At some level a client-server database driver isn't all that different from any other network client; you send a request over a socket and wait for a result. There's no reason you have to block while waiting.

Moreover some databases (like Postgres) let you receive asynchronous notifications signaled by transactions on other connections; that's how trigger-based replication systems like Bucardo do their thing.

http://www.postgresql.org/docs/9.1/static/sql-notify.html

Because it would be based on asynchronous socket responses. So you wouldn't iterate like you currently do w/ a ResultSet but rather have a simple "RowHandler" or sorts. However you still run into the trouble you do w/ node if you decide to do a lot of blocking work in there instead of just sending the row to some ExecutorService thread to get worked on.
Yes, but the lib can do it for you, and you won't have to know a thing.
What are you talking about? libevent invented everything Node.js uses and Python's Twisted had and has everything Node.js could dream of.

Node.js is just a reinvention of old technologies in Javascript.

Edit: Removed flame about Javascript because I don't want to have this debate again.

I am talking about the cultures surrounding these languages and frameworks. Node's community rejects blocking libraries. Java's does not. I've used the non-blocking frameworks in Perl (POE and my own), C (select, and some of the poll variants), Ruby (event machine) and they are fine if you can avoid blocking libraries -- in these communities it is generally acceptable to write blocking libraries. I don't see it as a technical hurdle, I see it as a cultural one.
You need to start backing up your claims with actual data. What networking libraries are blocking in Node.js that are not blocking in Twisted? Moreover, what can't you do with a Twisted Deferred that you can do in Node.js?

There are two main things that block in computing:

* I/O

* CPU

You better believe that Node blocks on CPU, so what I/O does Node not block on that Twisted does?

I am talking about the cultures surrounding these languages and frameworks. Node's community rejects blocking libraries. Java's does not.

So what?

You get tons of Java libs to use, a majority of blocking ones and lots of non blocking on one hand, or you restrict yourself to the fewer non-blocking libs of varying quality available for Node.

With Java you can also turn blocking libs to non blocking with a wrapper and threads, whereas with Node.js if it's blocking you're screwing, because the js engine is single-threaded.

Node is nearing 10k published libraries. Is there a comprehensive site listing Java libraries?

It's trivial to offload blocking operations to other processes in node too, it's just not the preferred option.

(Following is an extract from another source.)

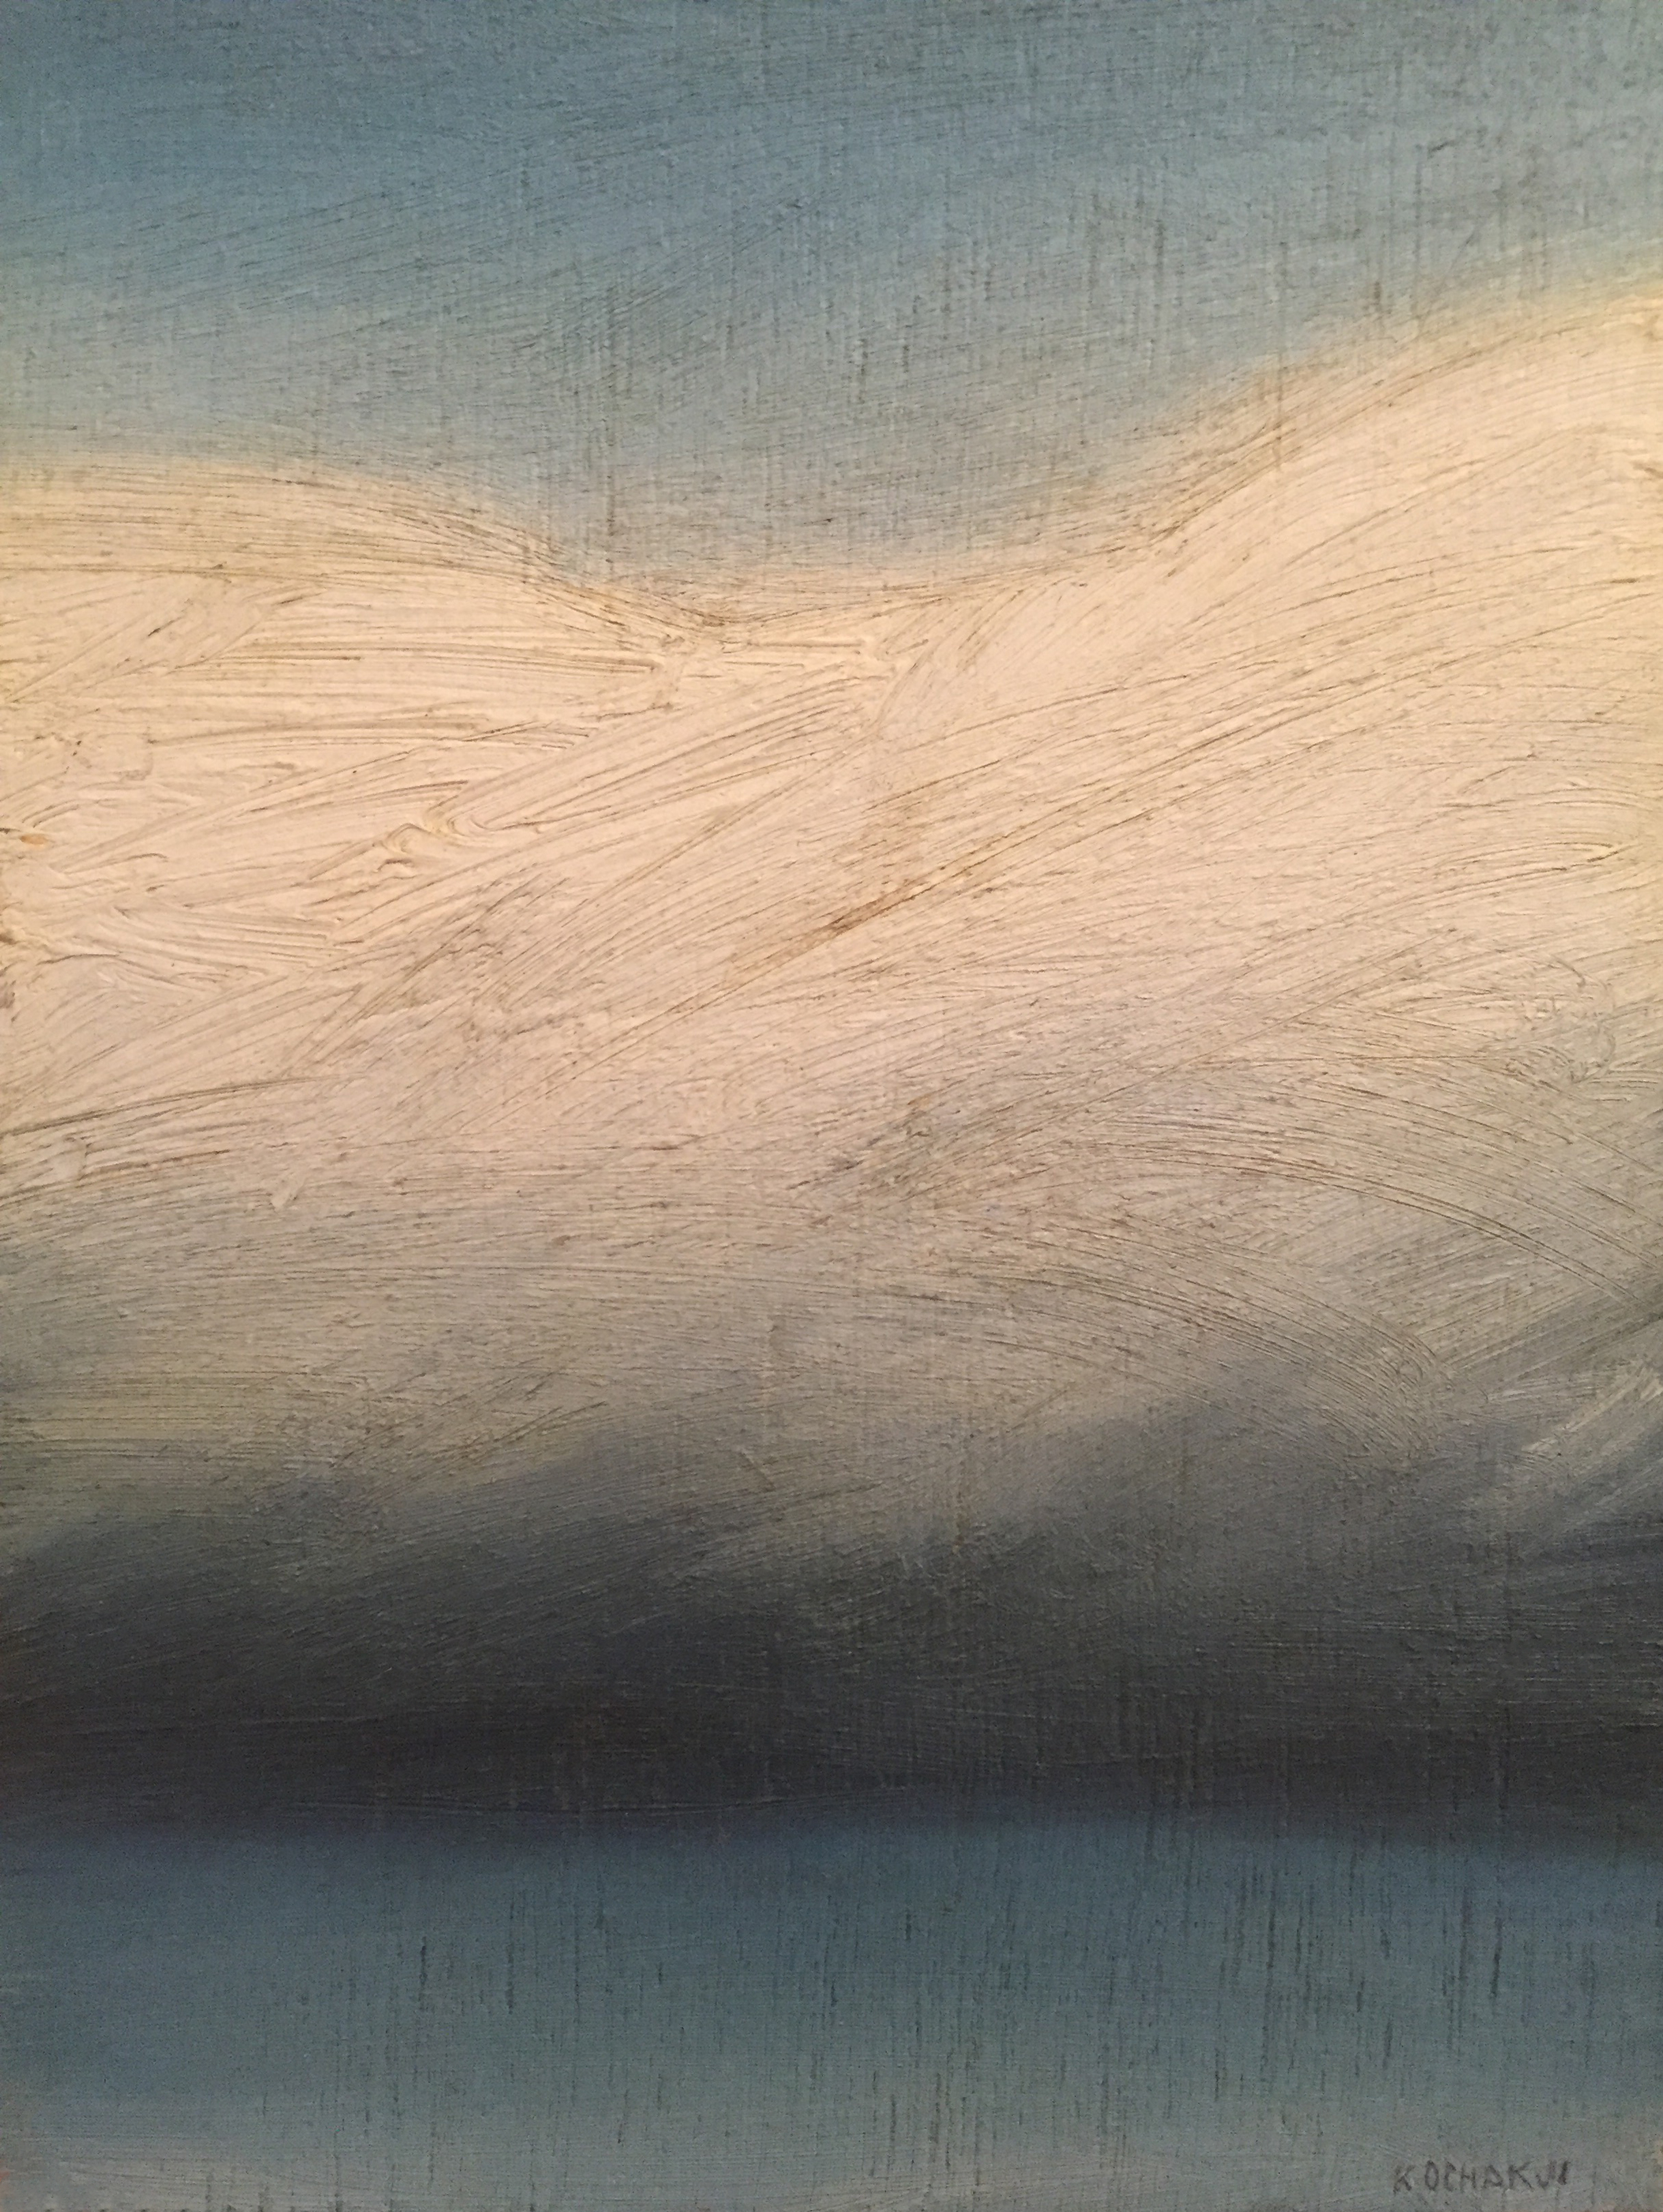 Cloud Portrait - oil on panel - 5x7"

Node is nearing 10k published libraries.

And ruby has 38237 gems. 99,9% of which are garbage.

Library-count is a terrible metric.

Have you ever programmed in Java? That's a strange question to ask if you have.

http://mvnrepository.com/

Whatever libraries node has is a drop in the bucket compared to java.

I haven't, thats why I asked. Node is just 2 years old. You'll get 90% of garbage on any open package manager.
You make it sound like "rejecting blocking libraries" was some noble principle. Due to the severe limitations of JavaScript, there is no other choice.
We run a major site on Java, had some thread trouble years ago in the very beginning, works very well now when tuned. Threads work.

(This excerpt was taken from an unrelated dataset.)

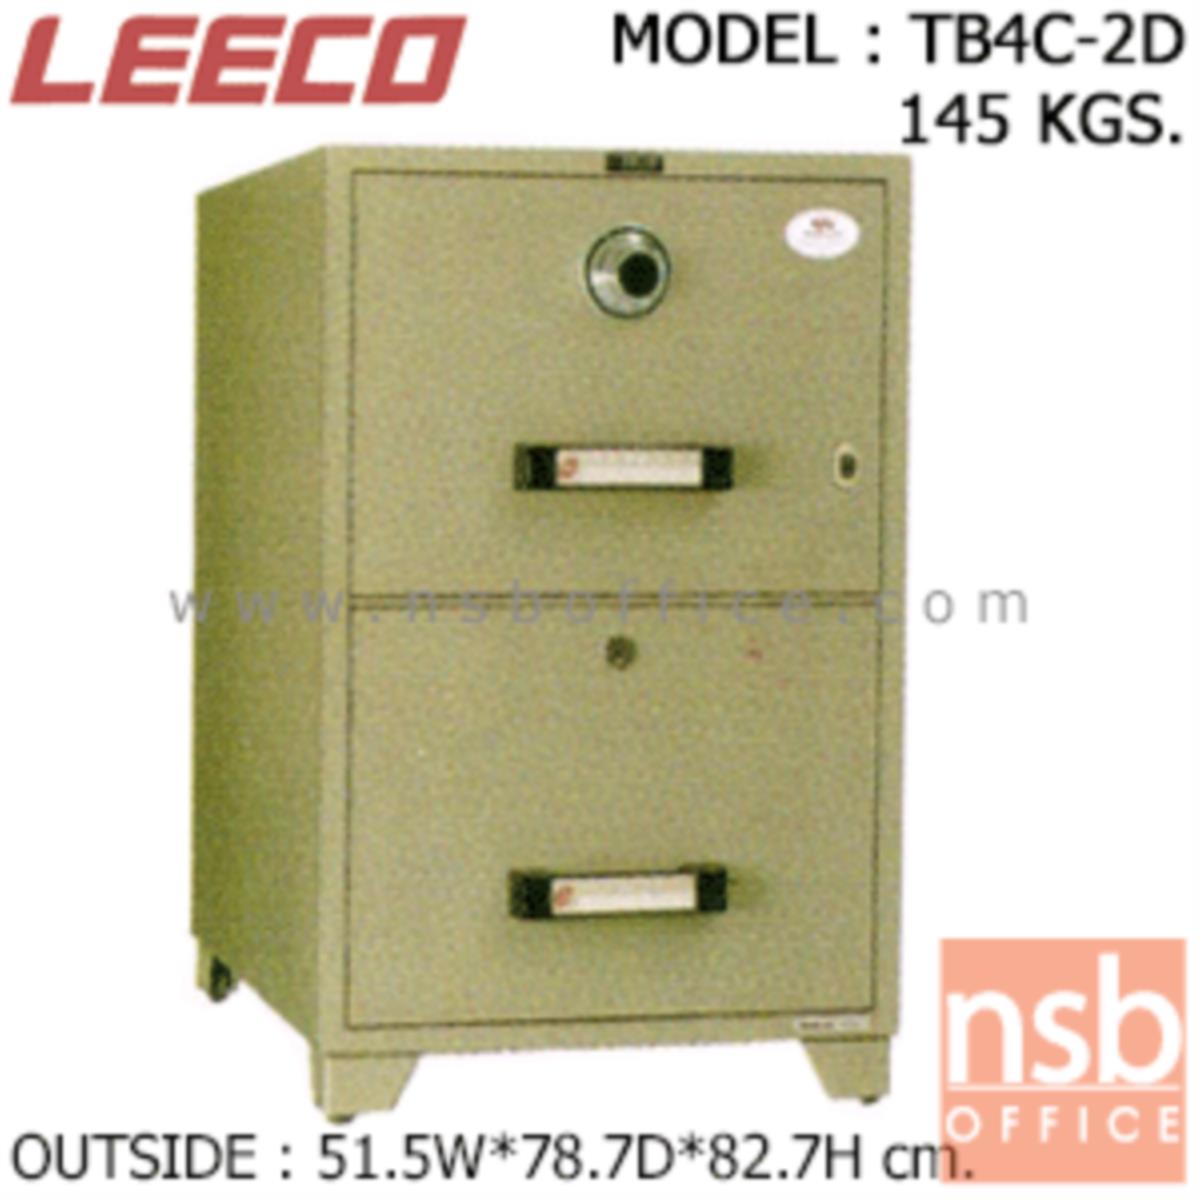 ตู้เซฟ 2 ลิ้นชักแฟ้มแขวน 145 กก. ลีโก้ รุ่น LEECO-TB4C-2D มี 2 กุญแจ 1 รหัส (เปลี่ยนรหัสไม่ได้)

BUT: I assume people will move to backend services with REST and combining REST backend results to a page. This increases IO a lot and will kill your latency and default thread models when you do sync code. You'd need to use async IO, composeable futures to manage latency and thread count. And if you do async backend REST, why not do async JDBC etc. But there are no libraries.

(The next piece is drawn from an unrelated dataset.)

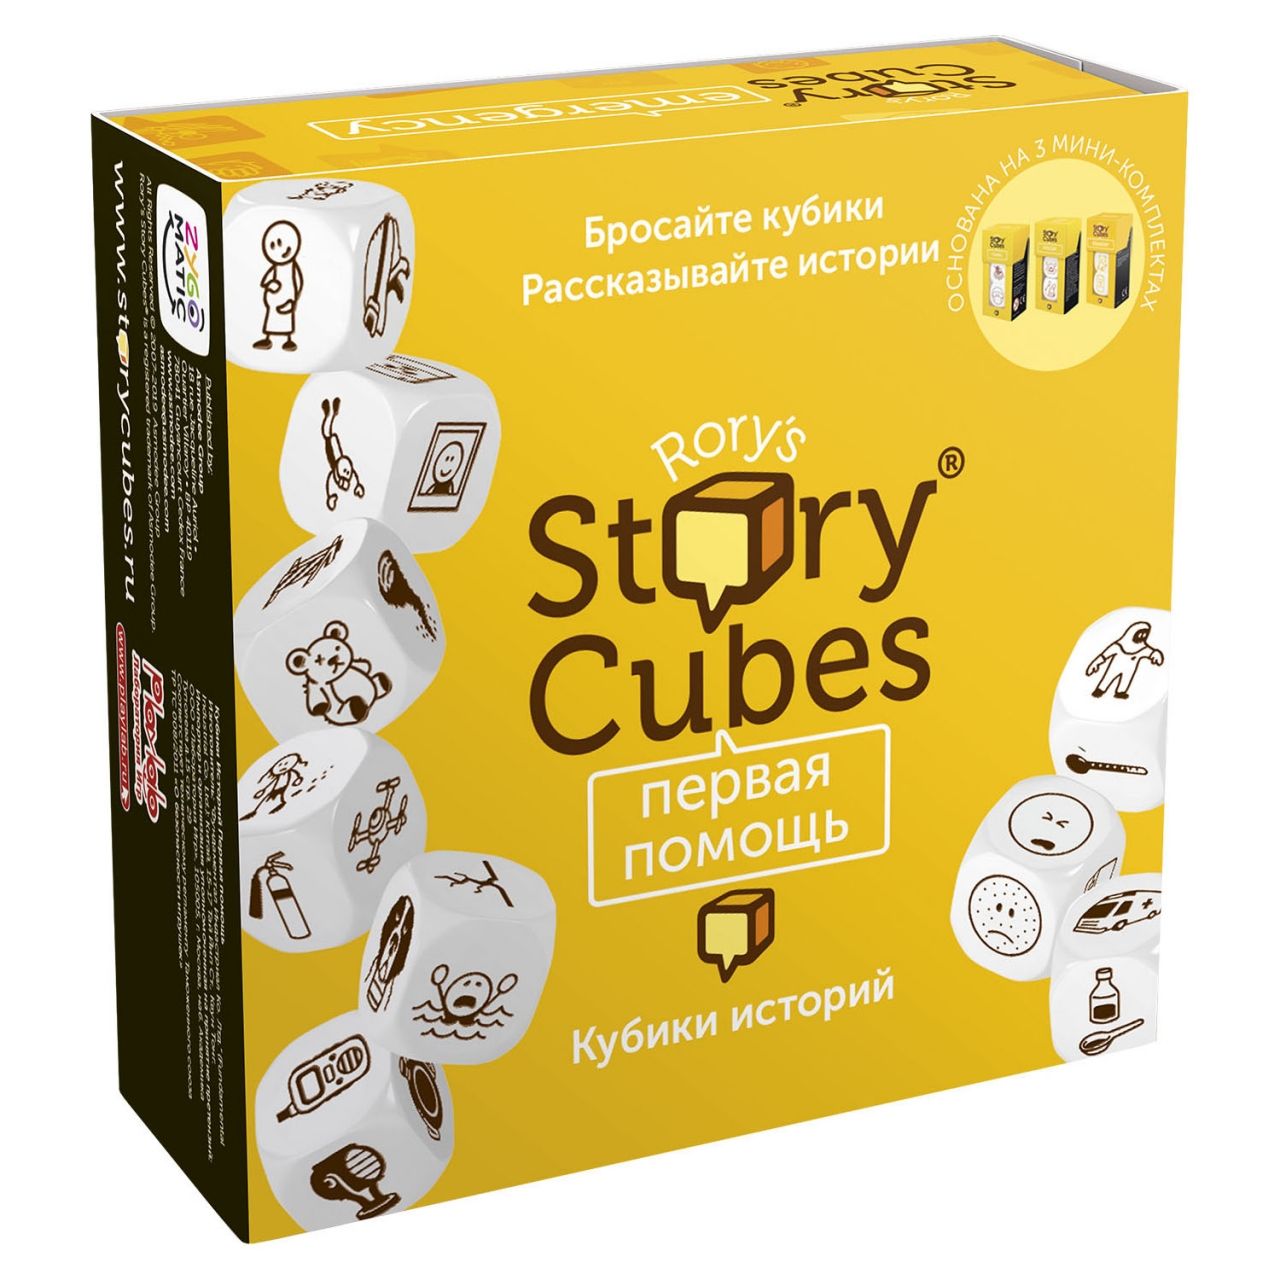 Настольная игра RORYS STORY CUBES RSC32 кубики историй Первая помощь rubiks кубики историй путешествия

>This. The biggest difference is in the two cultures: blocking is anathema to the Node.js community - they will literally reject libraries or code that blocks because it destroys the entire model

Really? So they reject any kind of library that does anything except call a callback? Because everything else, from calculating 2+2 to creating a template blocks. And it doesn't matter when it happens, when it happens it blocks.